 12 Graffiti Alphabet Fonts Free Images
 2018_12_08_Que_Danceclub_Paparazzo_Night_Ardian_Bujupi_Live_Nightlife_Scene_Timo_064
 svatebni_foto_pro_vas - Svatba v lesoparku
==
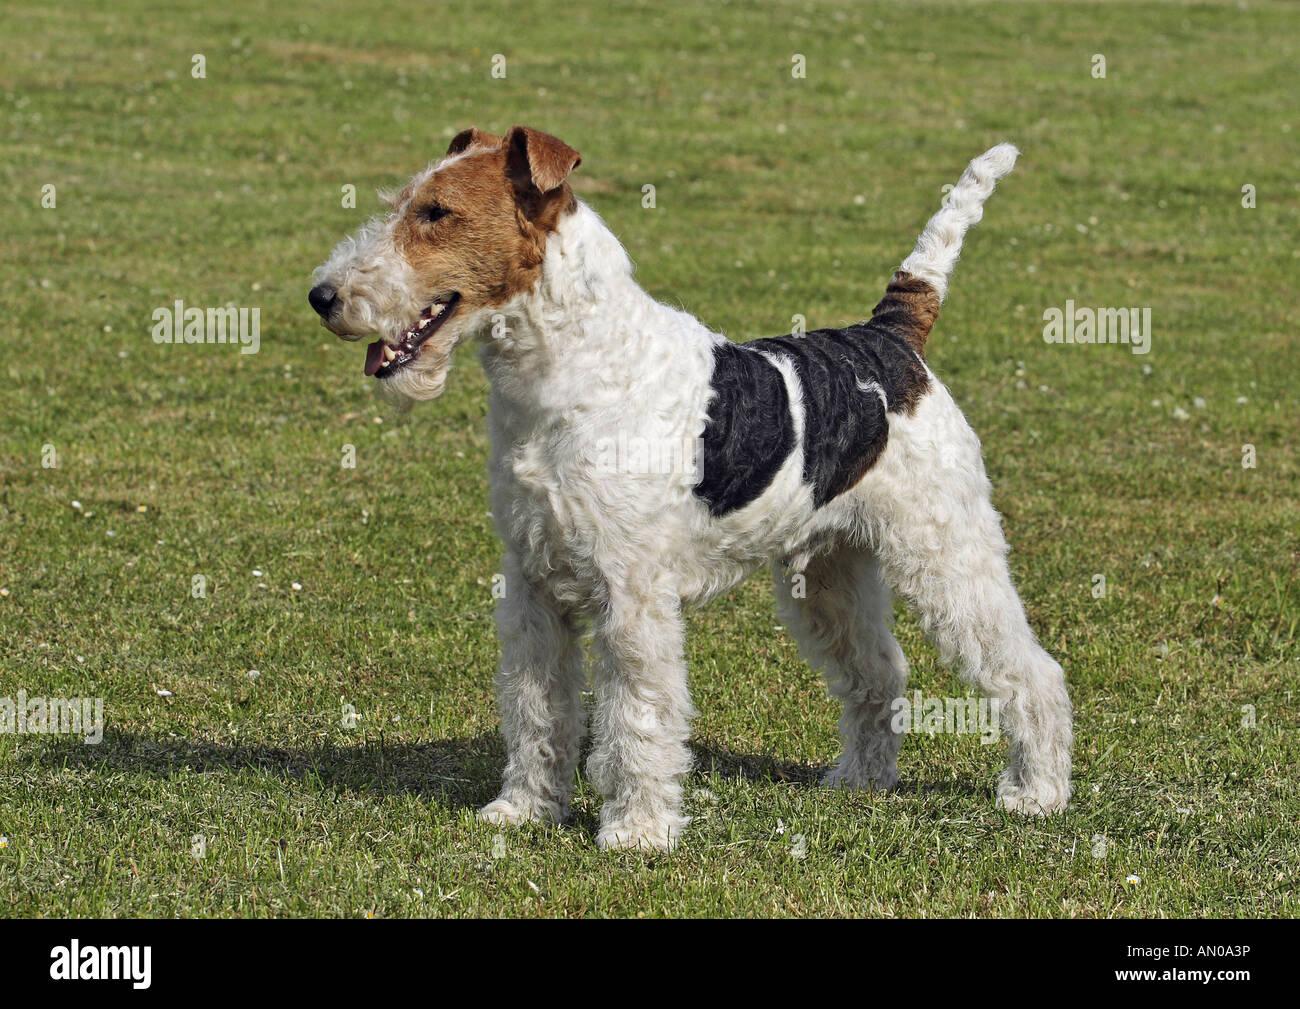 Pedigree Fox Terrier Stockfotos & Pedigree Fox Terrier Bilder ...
* * *
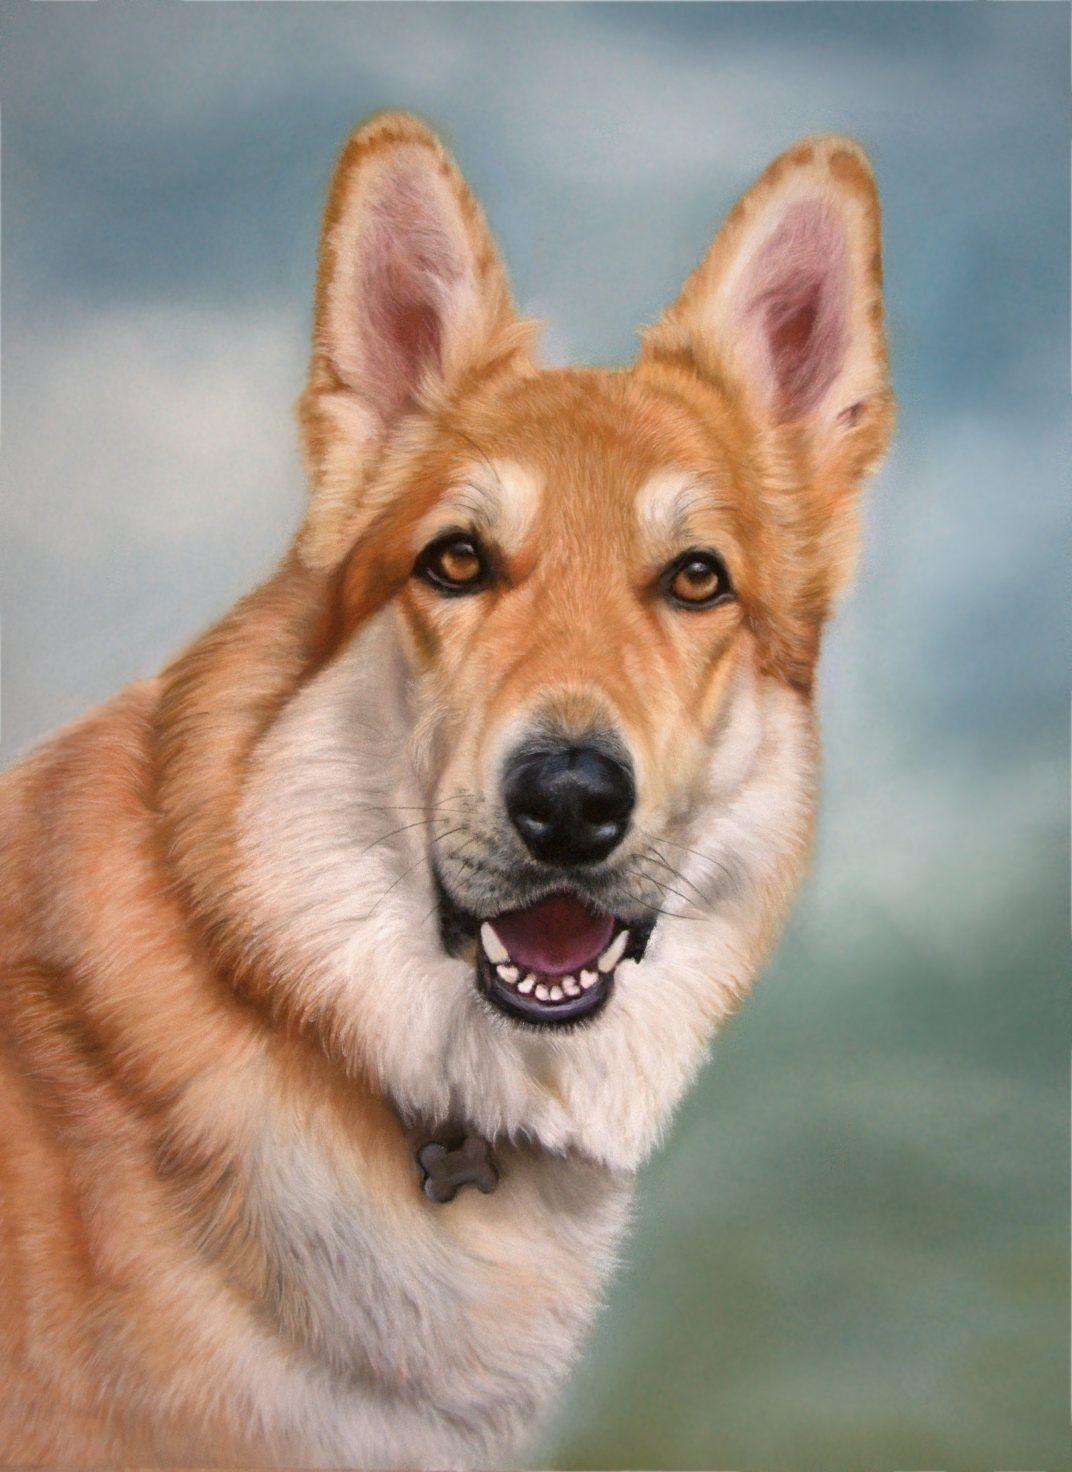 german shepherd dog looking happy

* [Directions for this task]
All that is wanted is a faithful reproduction of the line above with "12 Graffiti Alphabet Fonts Free Images", the line with "svatebni_foto_pro_vas - Svatba v lesoparku", and every line in between.

* [Task result]
 12 Graffiti Alphabet Fonts Free Images
 2018_12_08_Que_Danceclub_Paparazzo_Night_Ardian_Bujupi_Live_Nightlife_Scene_Timo_064
 svatebni_foto_pro_vas - Svatba v lesoparku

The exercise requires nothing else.